For a long time it was supposed that these forts were peculiar to Scotland; but they are found also in the Isle of Man (Cronk Sumark); County Londonderry and County Cavan, Ireland; in Upper Lusatia, Bohemia, Silesia, Saxony, and Thuringia; in the provinces on the Rhine, especially in the neighbourhood of the Nahe; in the Ucker Lake; in Brandenburg, where the walls are formed of burnt and smelted bricks; in Hungary; in several places in France, such as Châteauvieux (near Pionnat), Péran, La Courbe, Sainte-Suzanne, Puy de Gaudy, and Thauron; also rarely in the north of England.

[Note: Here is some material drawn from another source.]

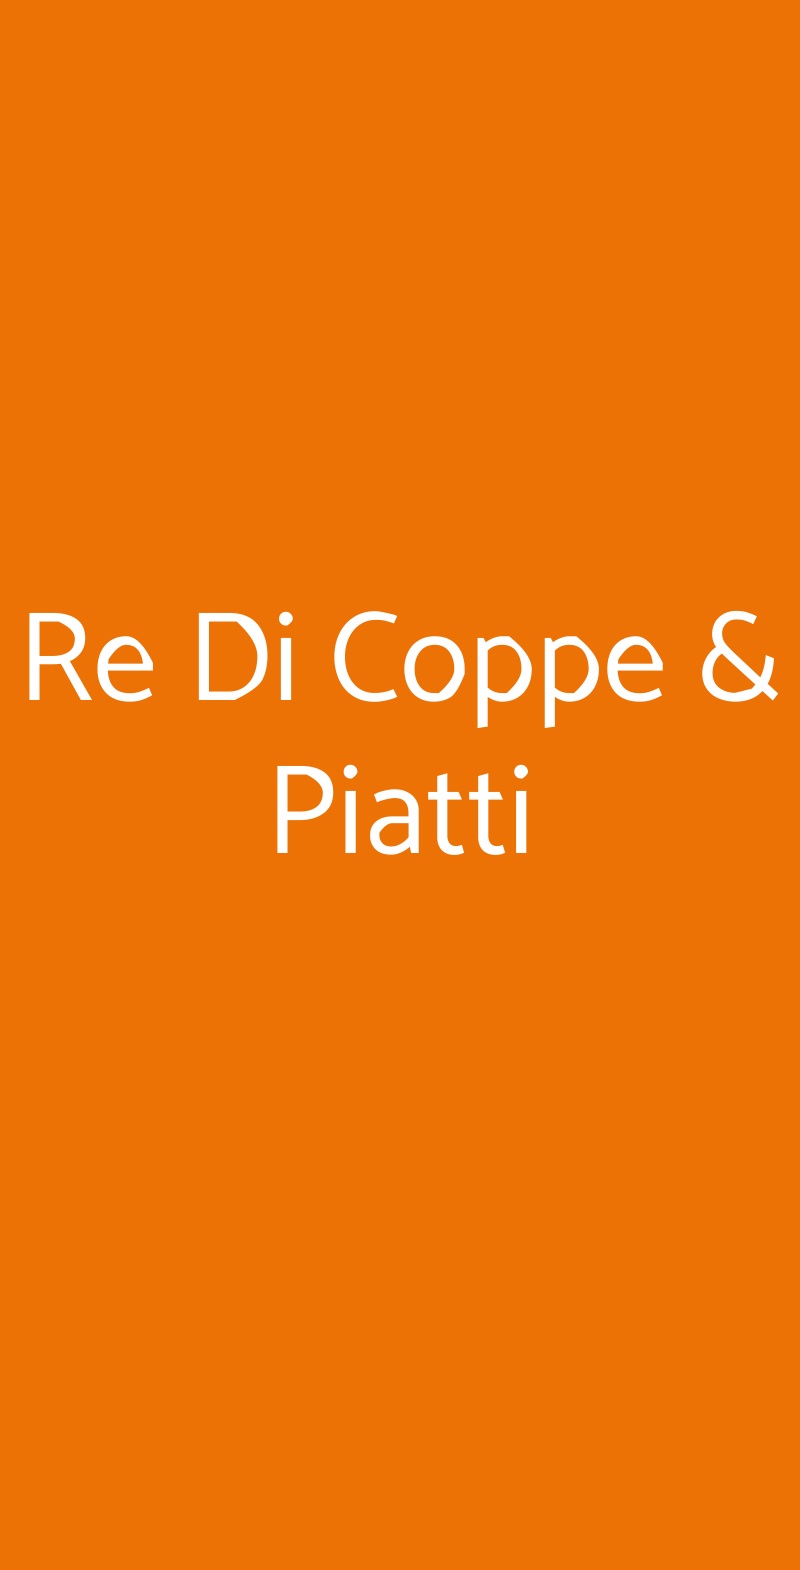 Re Di Coppe & Piatti Milano menù 1 pagina

Castle Hill, Almondbury in Huddersfield, West Yorkshire. Broborg is a vitrified hill-fort in Uppland, Sweden.

==Appearance in media==
===Arthur C. Clarke's Mysterious World===
The 16 September 1980 episode of Arthur C. Clarke's Mysterious World features a segment in which the archaeologist Ian Ralston examines the mystery of the vitrified fort Tap o' Noth and tries to recreate how it might be accomplished by piling stones and setting a massive bonfire, repeating the work of V. Gordon Childe and Wallace Thorneycroft in the 1930s. The experiment produced a few partially vitrified stones, but it was asserted that no answers were gleaned as to how large-scale forts could have been crafted with the approach tried in the programme.